From the line with "Chào mừng diễn" to the line with "Breathless | Niven, Jennifer", retype each line exactly as it stands in the records below, but skip the pictures.

INFORMATION SUPPLIED:
──────────────────────────────

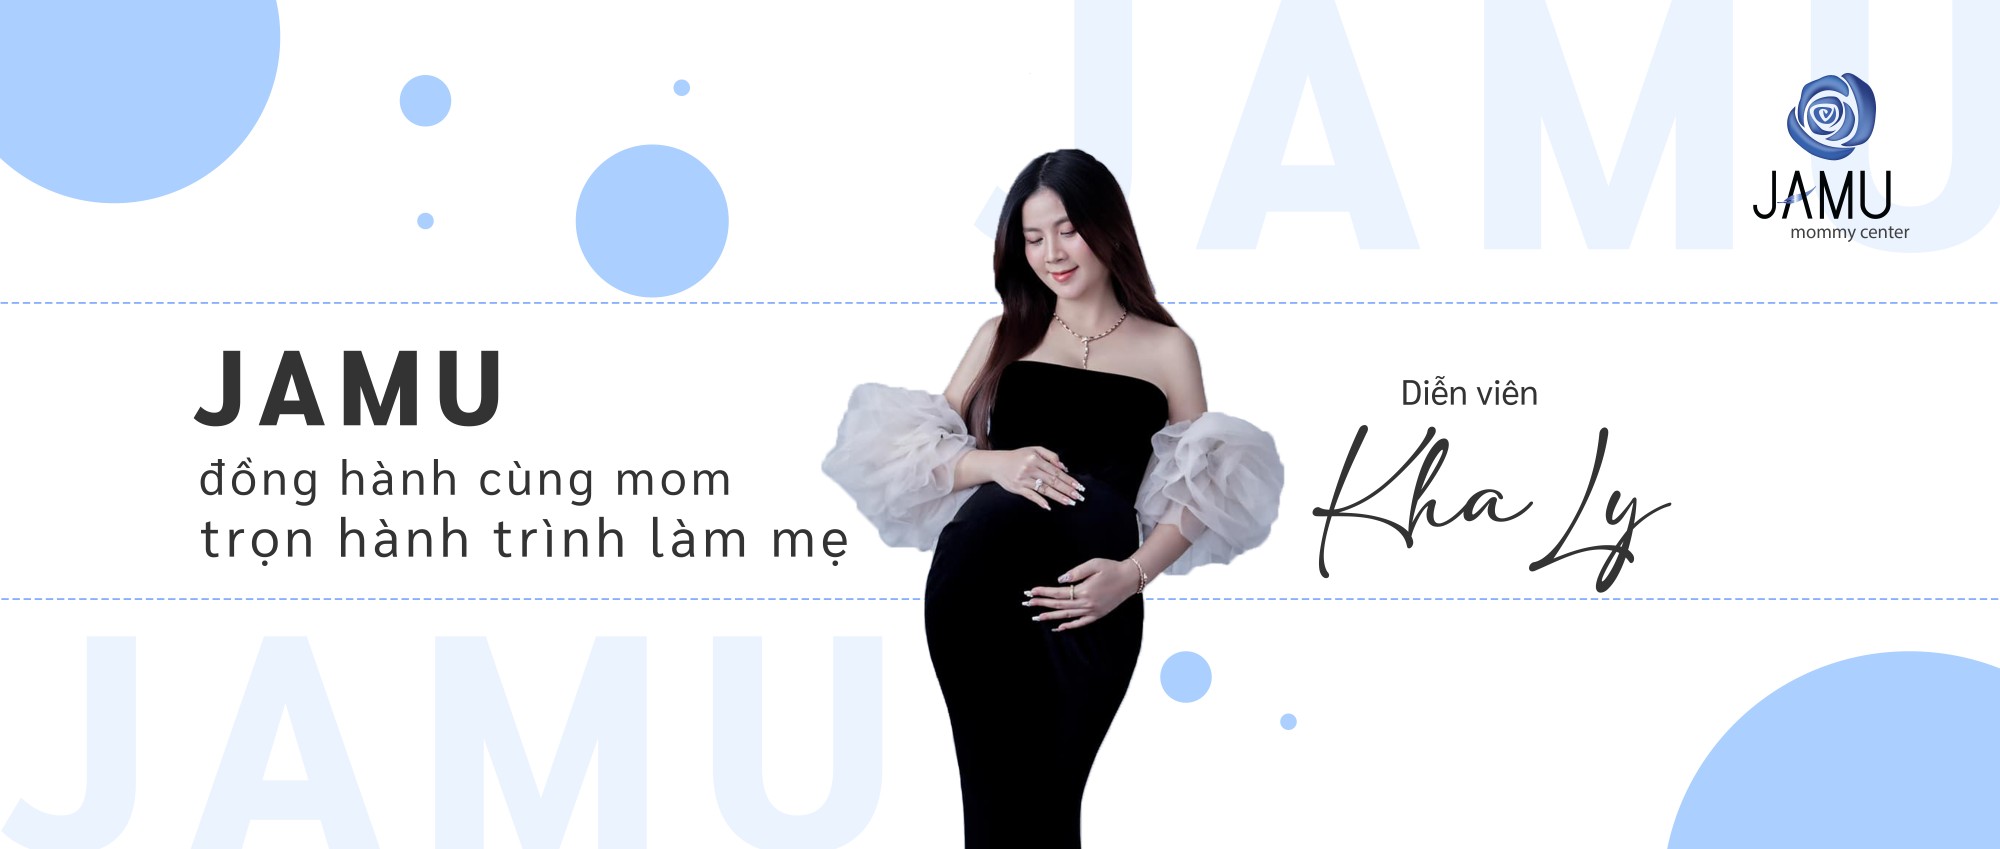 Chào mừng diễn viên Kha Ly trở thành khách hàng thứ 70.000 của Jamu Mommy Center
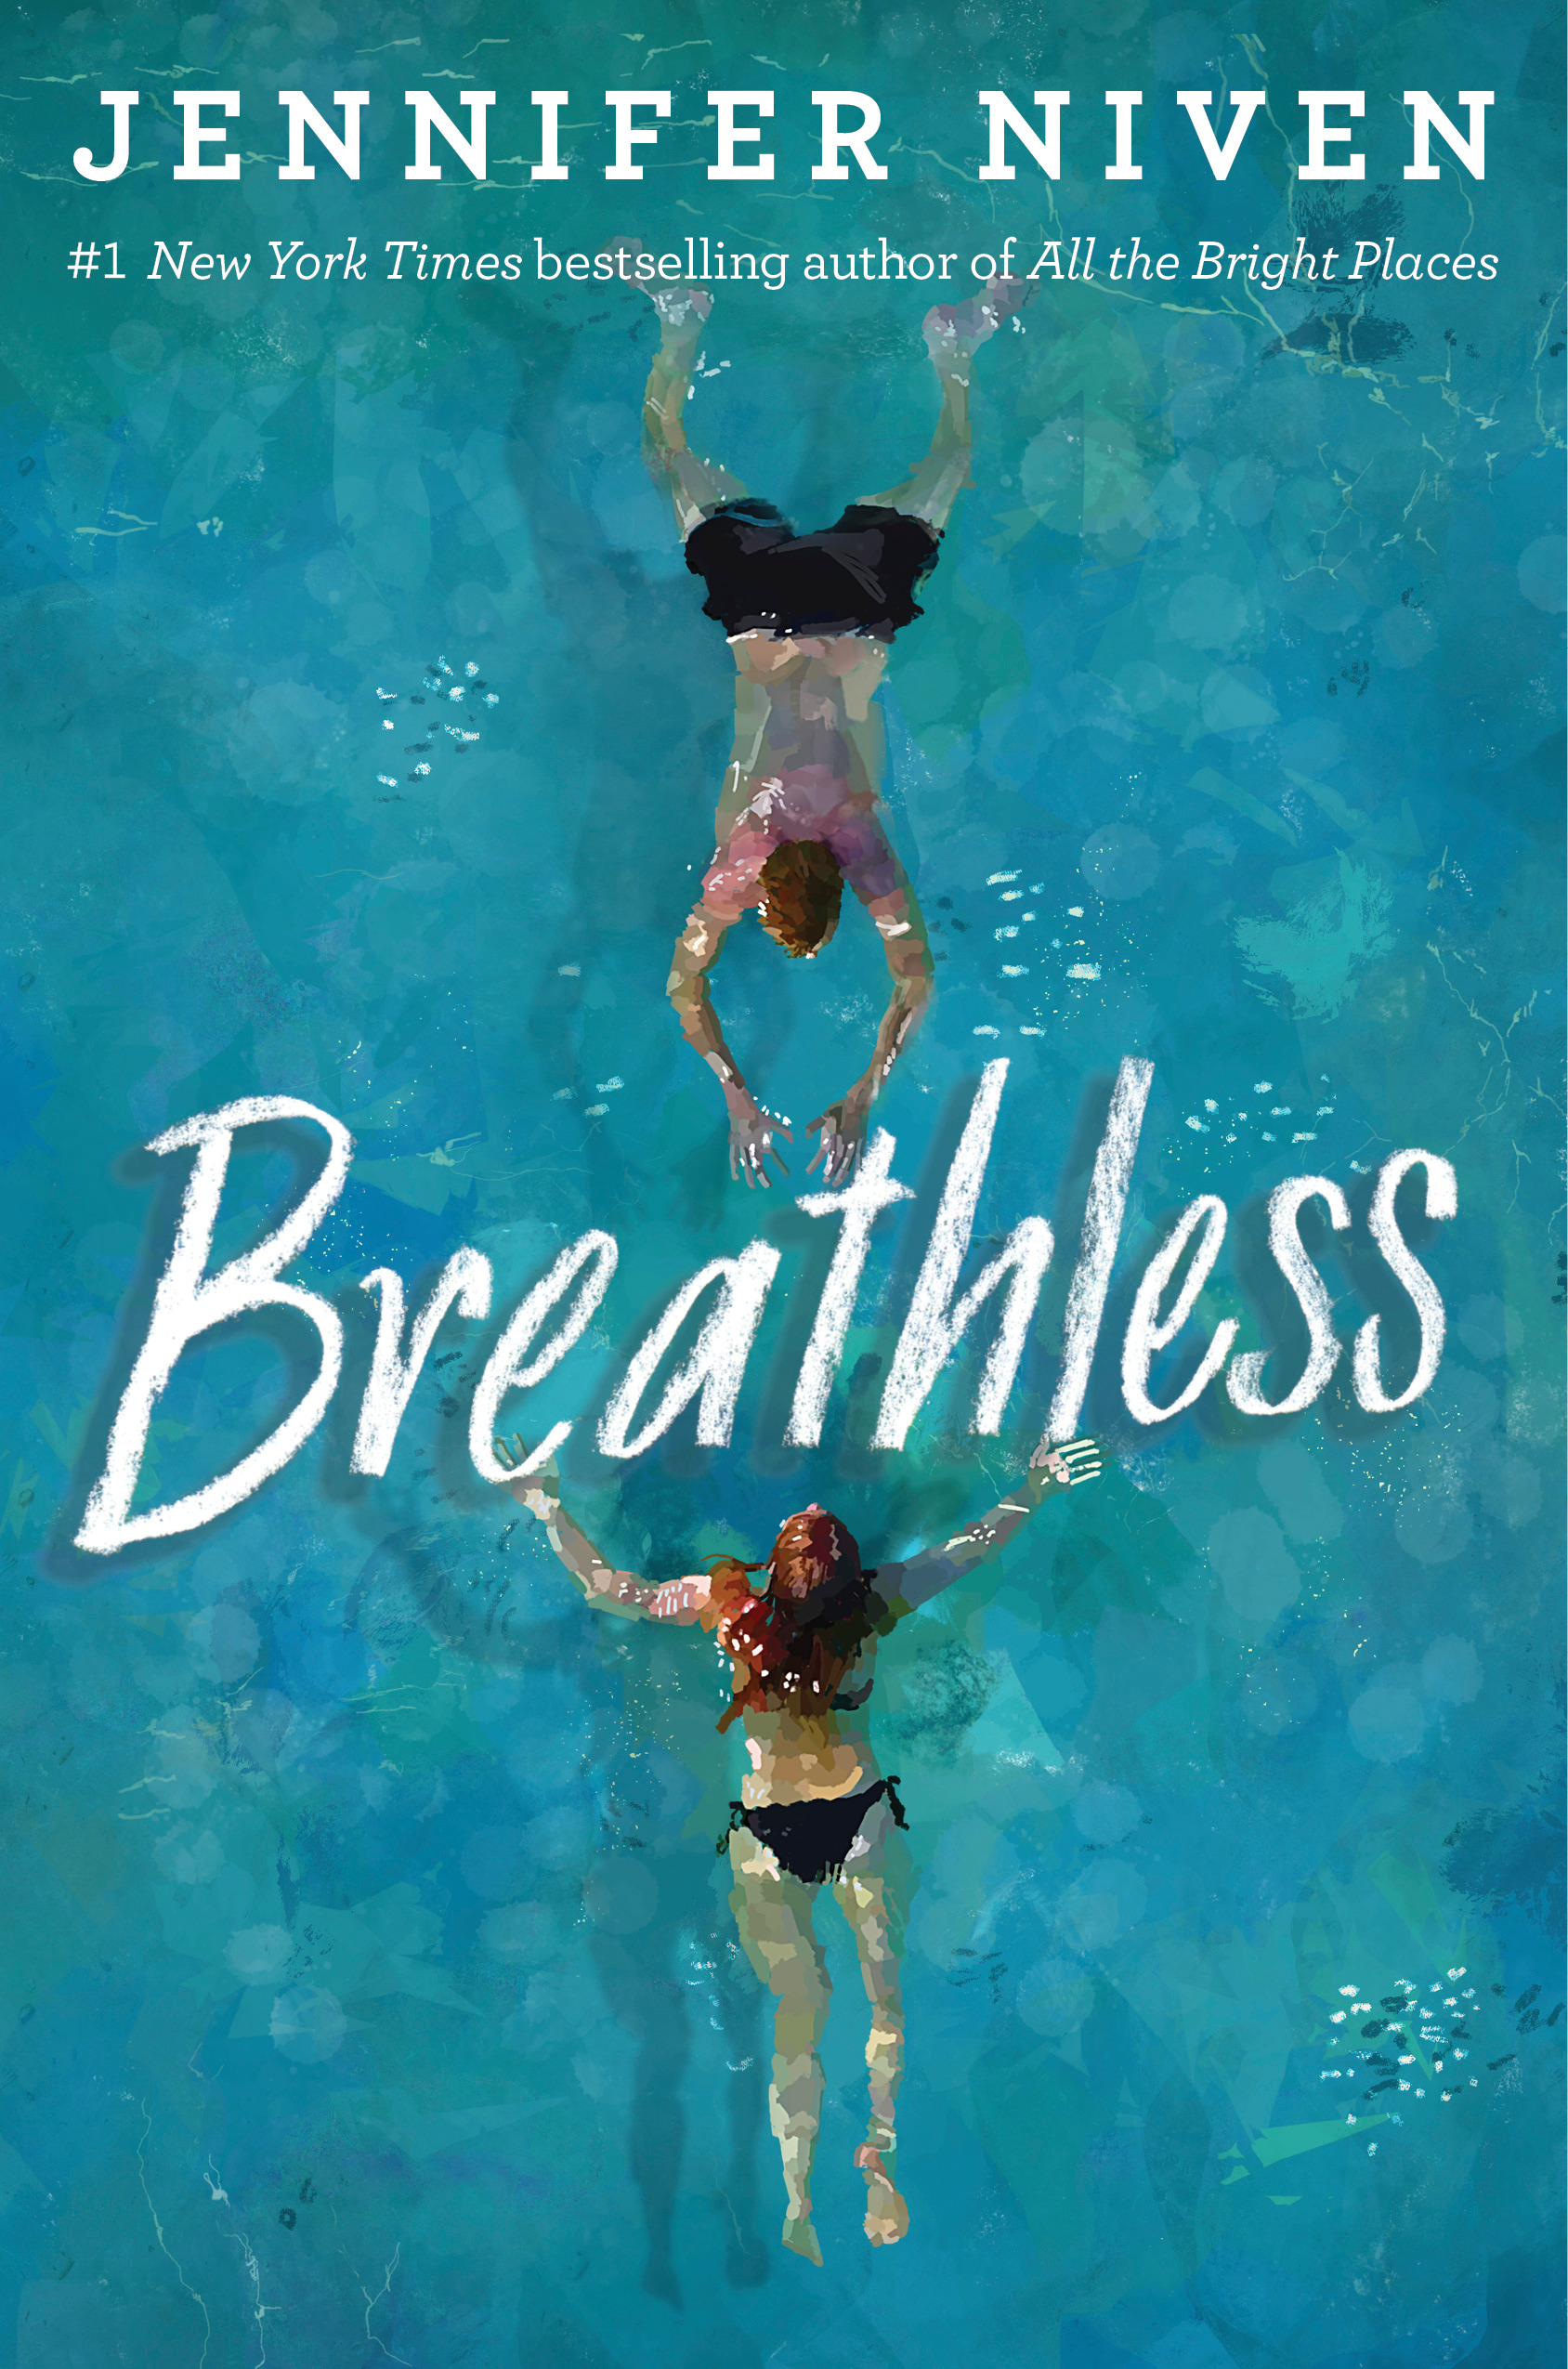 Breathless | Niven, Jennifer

──────────────────────────────

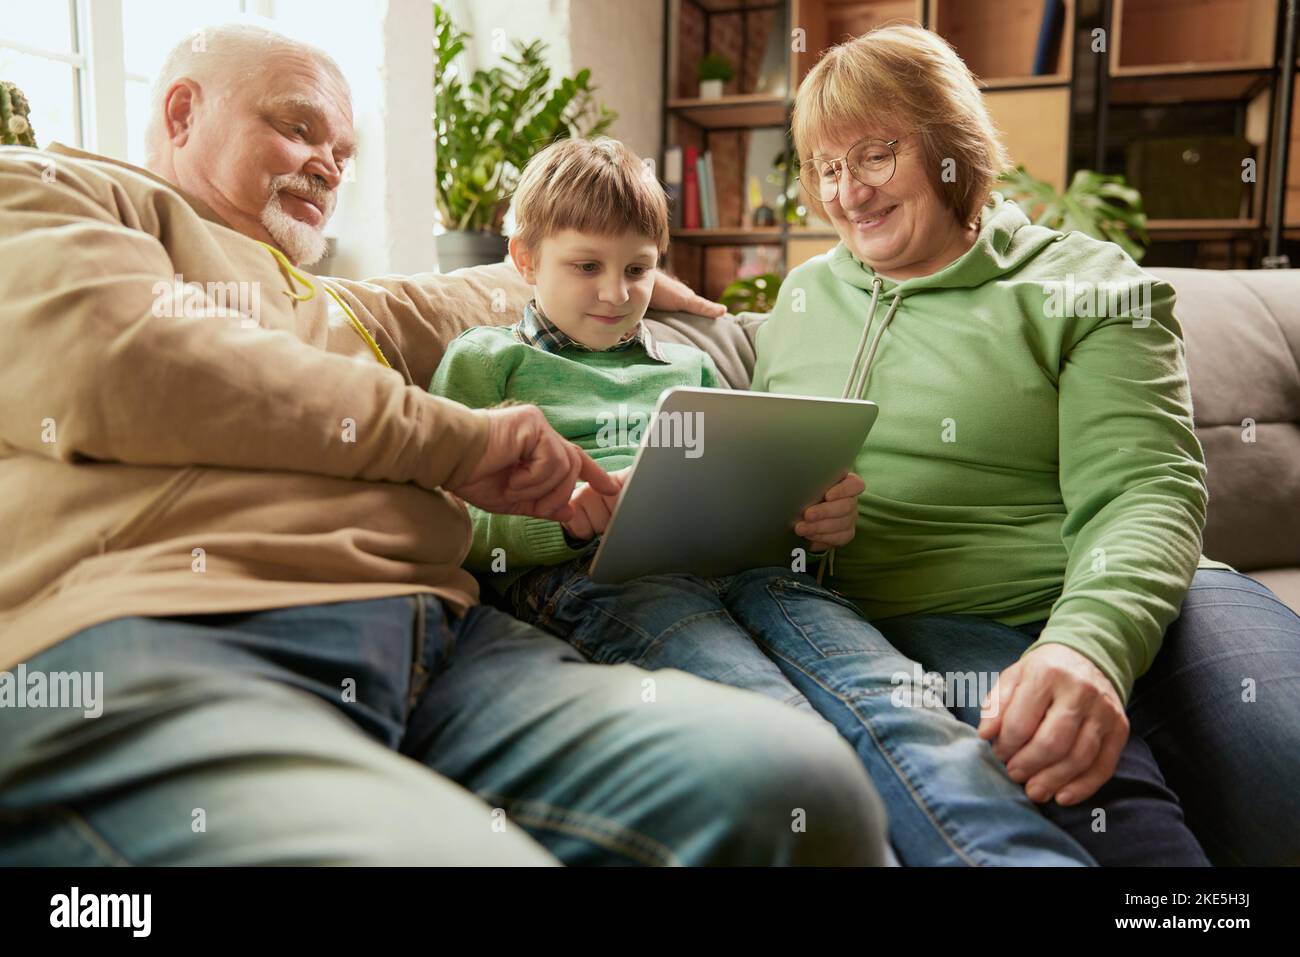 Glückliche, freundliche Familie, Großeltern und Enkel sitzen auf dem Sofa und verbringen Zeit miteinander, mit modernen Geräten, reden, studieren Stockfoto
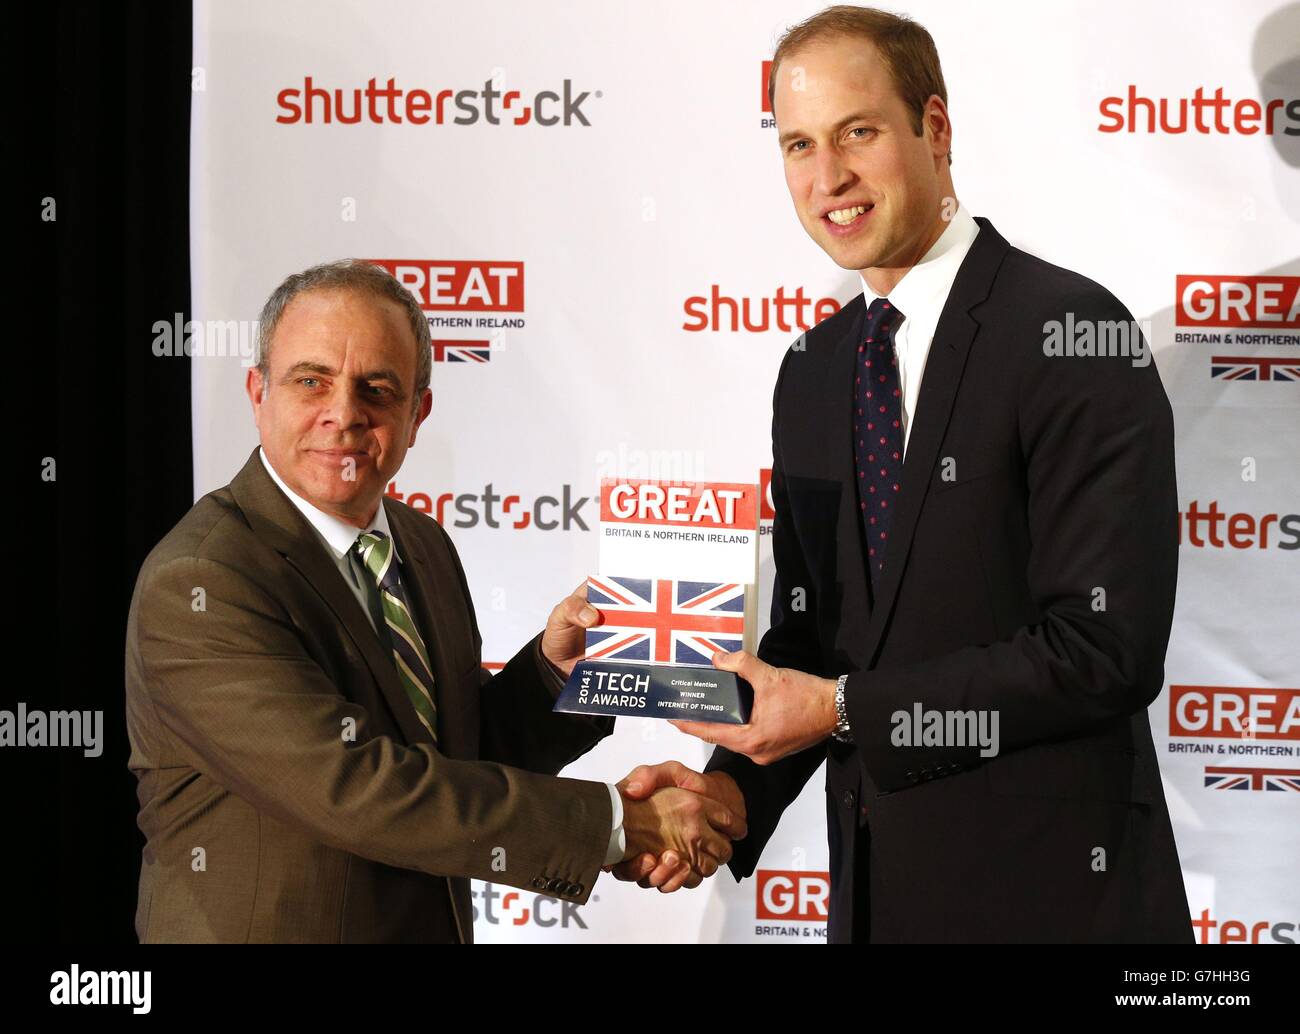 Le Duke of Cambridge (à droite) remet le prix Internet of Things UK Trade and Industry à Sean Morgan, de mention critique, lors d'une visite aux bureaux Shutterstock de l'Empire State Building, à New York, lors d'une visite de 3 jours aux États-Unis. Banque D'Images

──────────────────────────────

FINAL ANSWER:
 Chào mừng diễn viên Kha Ly trở thành khách hàng thứ 70.000 của Jamu Mommy Center
 Breathless | Niven, Jennifer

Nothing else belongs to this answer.